Getting informed takes more work than simply looking at the latest poll. To put it bluntly, if someone does not see much difference between NDP, Liberal, Bloc and Green policies they have not yet done their civic duty. Read through the platforms and note the billions of public dollars that will be spent in dramatically different ways, the manner in which those promises will be funded and the starkly dissimilar approaches to democratic reform, climate change, civil liberties and foreign policy that these supposedly interchangeable parties advocate.

Strategic voting deliberately obscures these substantial differences. It leads to an obsession in the media and the electorate over polls rather than policies, which in turn narrows the scope of public debate and muddies whatever mandate emerges from the election. Strategic voting is based on the flawed premise that one's individual vote is more important statistically than it is as an act of principle. That if you only switch your vote the outcome of the election might change. In 2011 precisely zero ridings were close enough for that logic to be true.

Leadnow has attempted to overcome this individual dilemma through pledges to "vote together." This untested approach places tracking polls at the pinnacle of our democratic system, promising to replace the messy process of evaluating the integrity of candidates and the merits of their platforms with the superficially neutral supremacy of statistics.

However, Leadnow's supporters are no more firmly bound to its cause than supporters of other political movements. Each will ultimately make an individual choice by secret ballot, if they vote at all. Moreover, polls can change dramatically and rapidly, even between the time of an endorsement and election day. A wrong call in a single riding would deal a serious blow to the credibility of this approach, while wide margins of victory would suggest that Leadnow merely identified the candidate who would have won regardless.

The larger problem with masses of strategic voters is that they distort the very polls that they rely upon, causing a bandwagon effect in which initial perceptions become self-fulfilling prophecies. For example, the voting intention of a strategic voter responding to a poll in September would be influenced by the outcomes that poll respondents deemed to be possible in August, and in turn would influence the perceived realm of possibilities for voters in October. In short, to the extent that strategic voters exist and are accurately surveyed in polls, policy gives way to perception.
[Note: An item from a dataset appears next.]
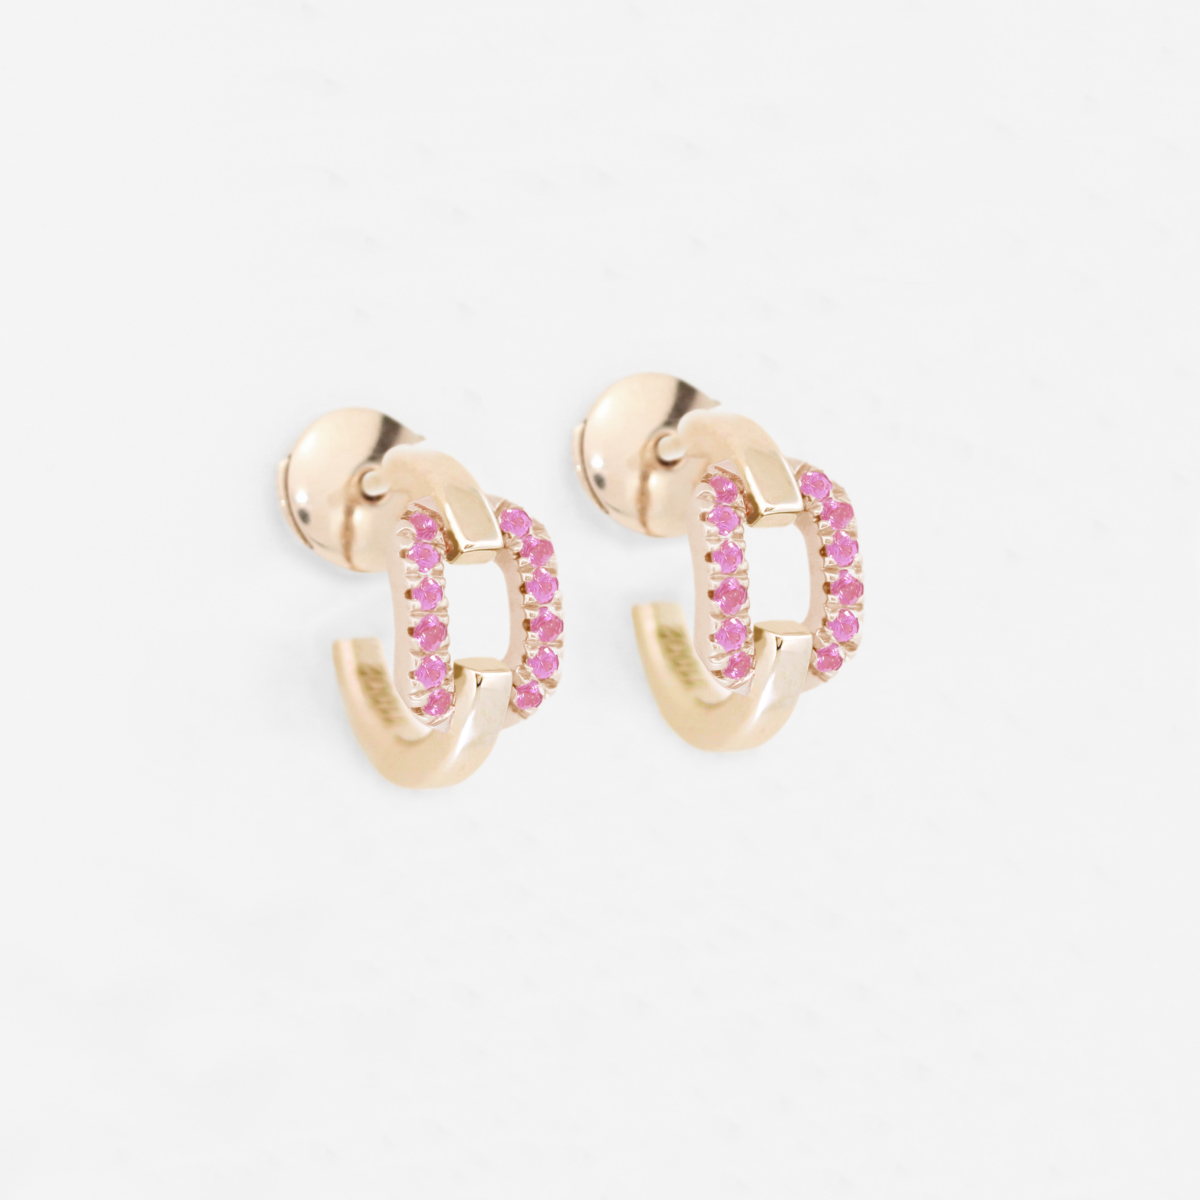 Paire de boucles d'oreilles en forme de maillon en or rose 18 carats serti de saphirs roses.
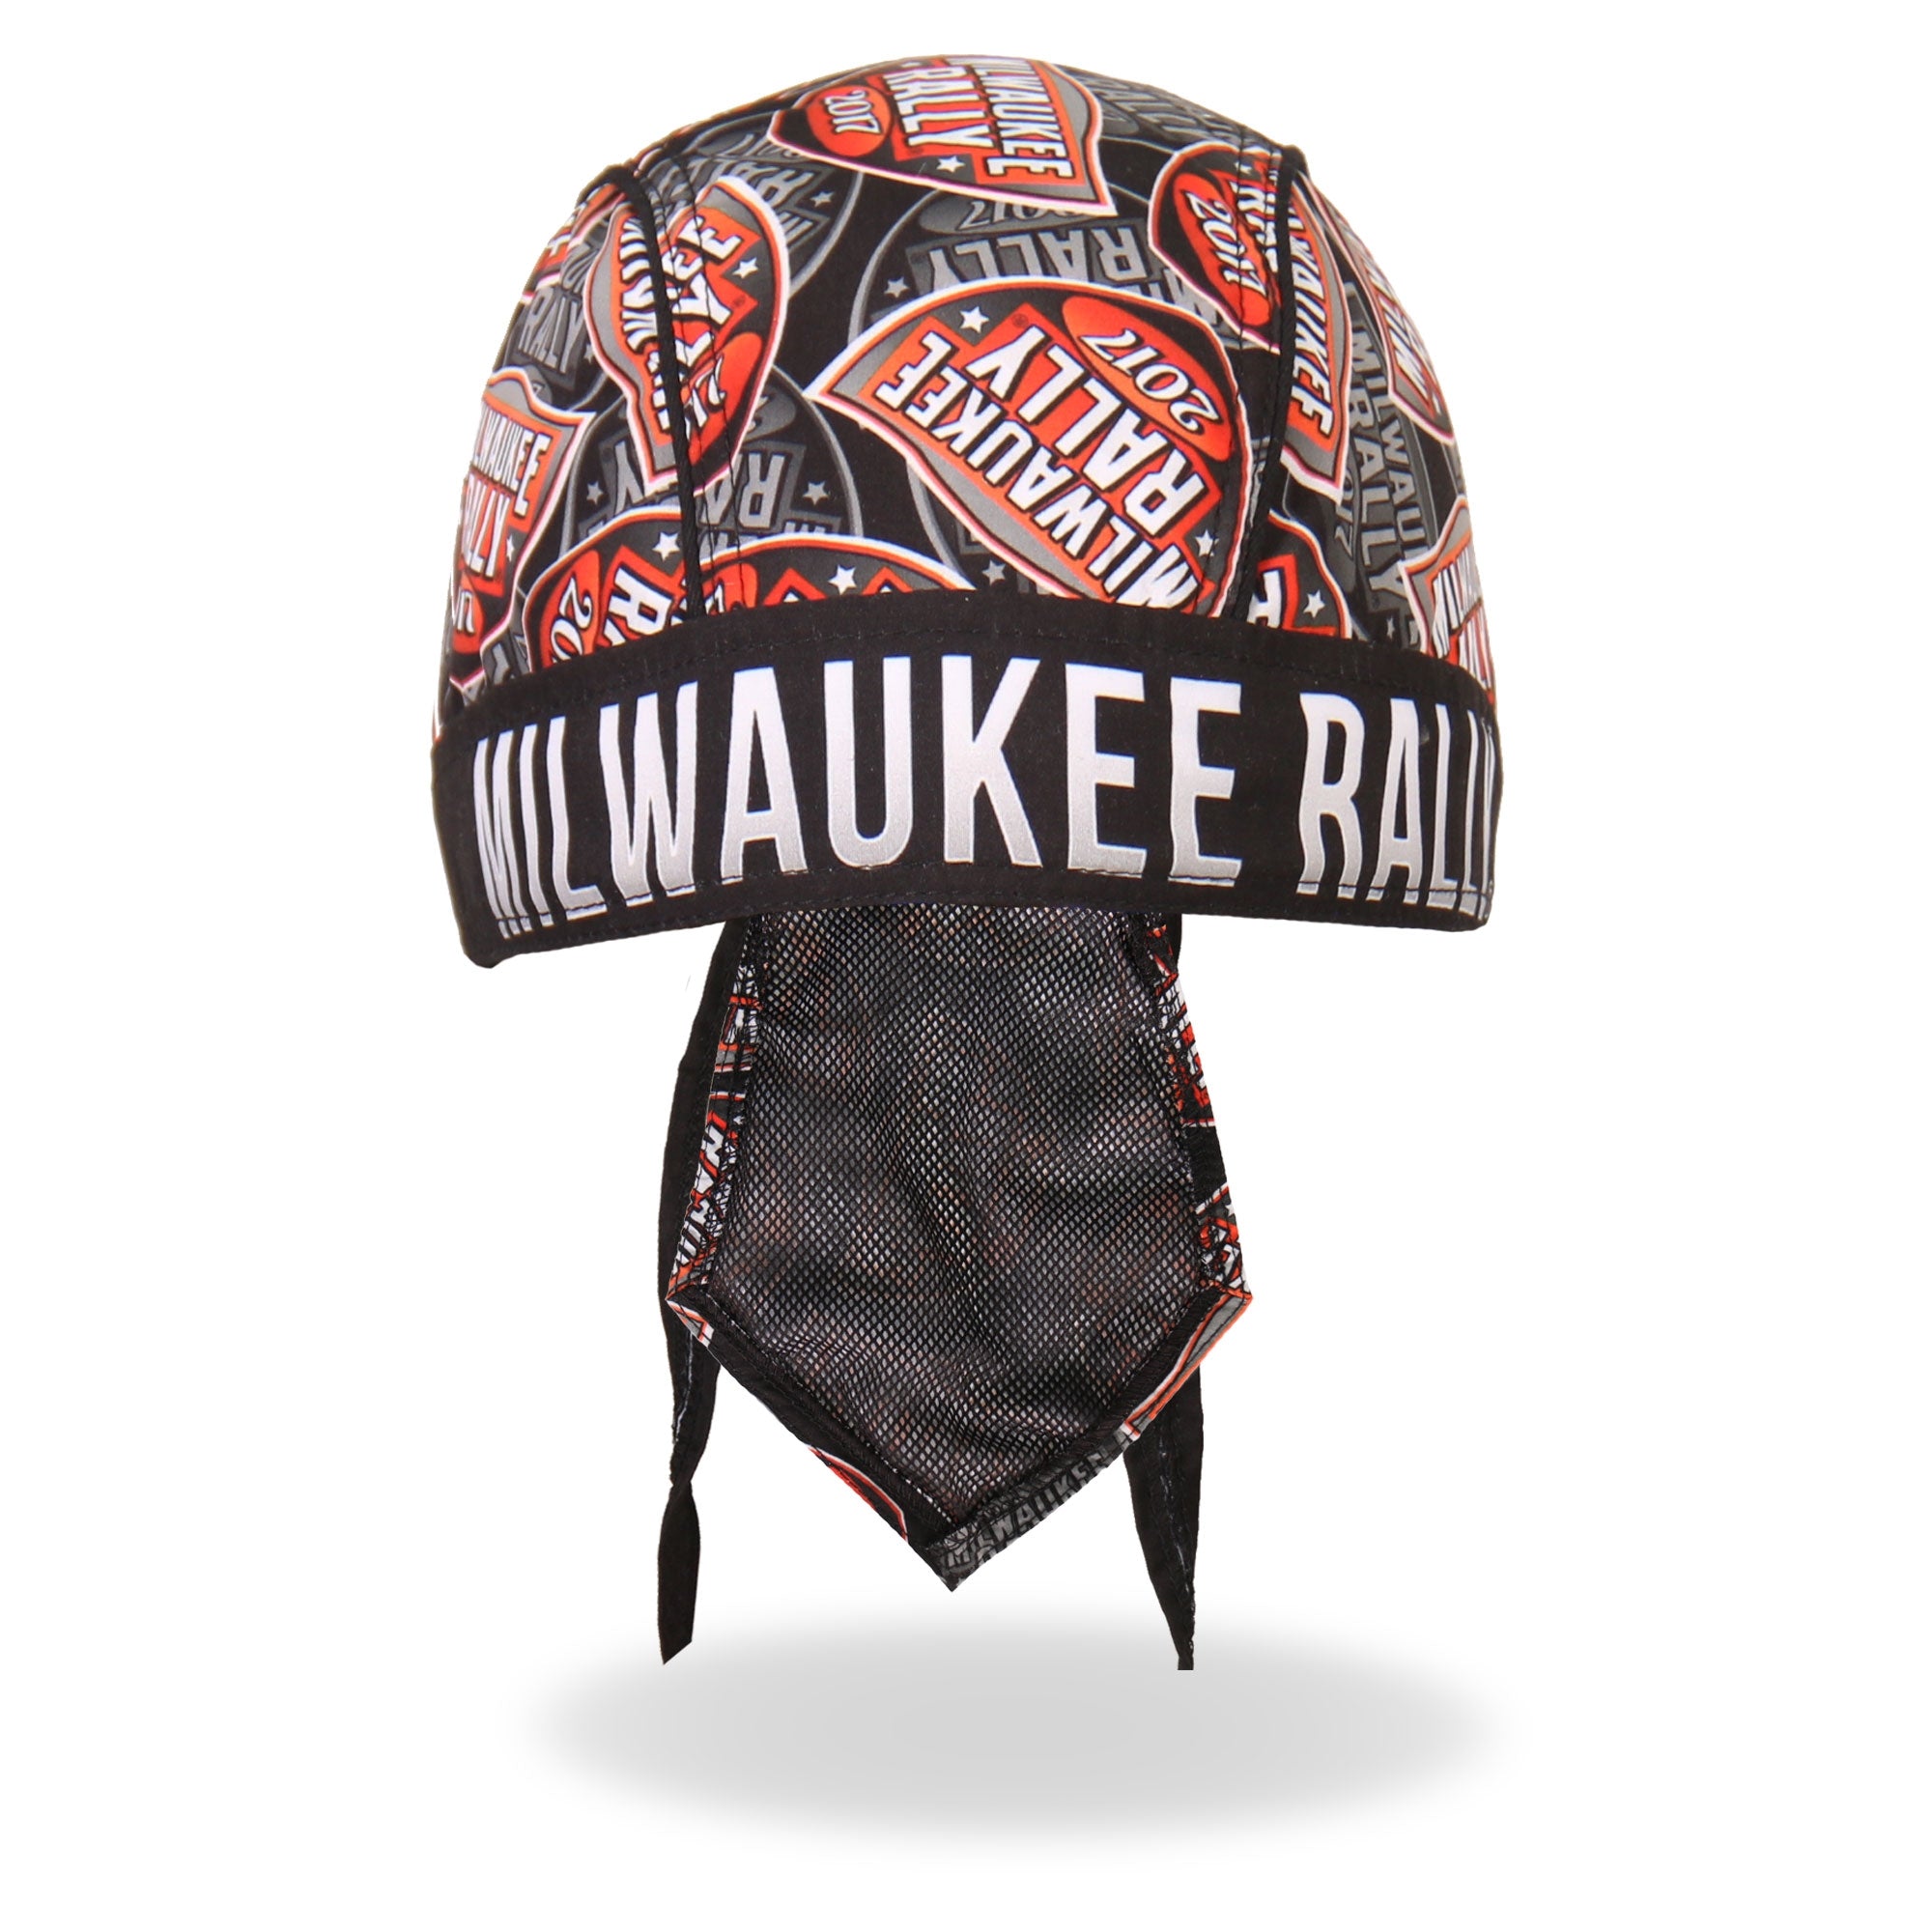 Official 2017 Milwaukee Rally Head Wrap

The temptation to vote strategically is the product of a deeply flawed electoral system that encourages vote splitting, perpetuates "safe" ridings and allows a single party to hold all of the power with the support of a minority of the popular vote. Many hope to bypass these structural flaws by rallying behind a simplistic platform: Anyone But Harper. This is an appealing message to most voters, but a mandate to simply not be Stephen Harper will leave the next Parliament with no clear direction or purpose.

Surely the public still has the capacity to rally behind a more complex plan. For those who struggle with the dilemma of vote splitting, the truly strategic vote must be for a candidate with a firm commitment to permanently fix the structural flaws in our electoral system.

According to Fair Vote Canada and the 10 Canadian commissions that have addressed the subject, the best fix is proportional representation, under which a broader range of perspectives would be represented in Parliament in approximate proportion to their national support. The NDP and Green Party have committed to this approach, albeit with some potentially significant differences. The Liberals have committed to some sort of change but are internally divided on the specifics and have only agreed to study proportional representation as one of many possible approaches. The Bloc likewise has no firm position on the issue.

Ultimately if Canadians empower themselves with equal and effective votes they are more likely to get the policies they support and the cooperative approach to governance that they deserve. This is undoubtedly an important election, but so too will be the next election and the one after that. It is not enough to have anyone but Harper if the system remains broken.